Medical Geneticist: “I don’t entirely agree with Immunologist. Diseases occur by interactive waves in my view and MAP colonization may well be one of those waves – I don’t think it is the initiator nor do I think it is the final agent of damage but the jury is still out, given the association between very high Crohn’s disease prevalence and inadequate pasteurization along with MAP colonization of cows in certain regions.”

So there you have it – clear as mud! I had to do a bit of digging to find out what each lab charges to test for MAP and the Aperiomics test is $1,000 and Karius $2,000 – apparently health insurance may cover it. My take-away from this investigation is to really examine your answer to this question – and it’s the same question I suggest people ask themselves when considering a colonosocopy:

HOW will the results of this test change my course of action?

If I get a positive result, I will do _________________________
If I get a negative result, I will do _________________________

Personally, I don’t concern myself much with testing – I prefer to focus on the wholistic approach to healing and since pretty much everyone with IBD needs to go through these same 8 Key Steps, all infectious agents are going to be eradicated, or brought into healthy balance, anyway.
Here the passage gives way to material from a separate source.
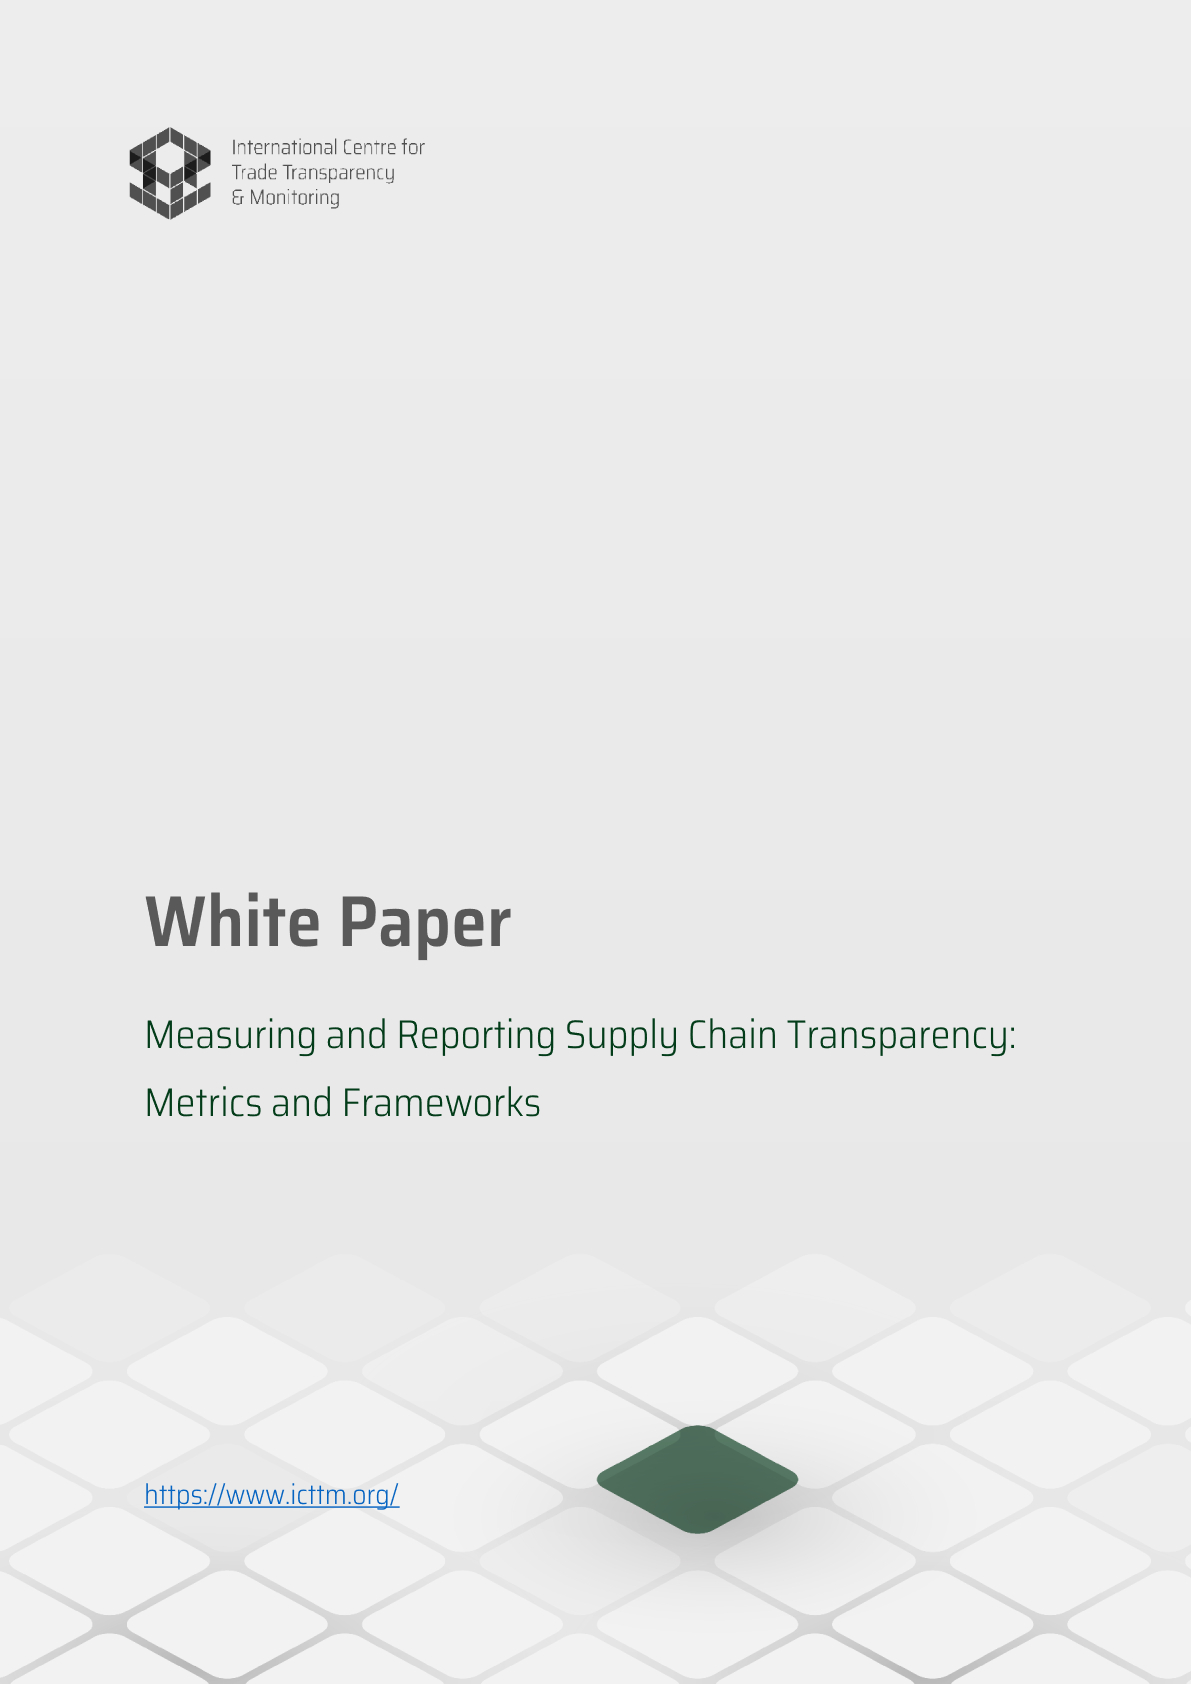 Measuring and Reporting Supply Chain Transparency - Metrics and Frameworks

I also don’t think that humans function well when rid of all microorganisms. We have evolved to co-exist with microbes and even after I tested positive for parasites at one point, I still took a slightly different view of things.

The healing protocols in Listen To Your Gut are designed to be used by people without even a basic medical diagnosis (of Crohn’s or colitis, etc.). So get clear on your motivations and what you are really asking for when you embark on testing or diagnostics – will the answers actually be worth the money and effort/time invested? Sometimes we think if we can just get a label for our imbalance, then the way to ‘fix it’ will magically appear. But often, nothing changes in terms of action. We just have more pages to add to our file.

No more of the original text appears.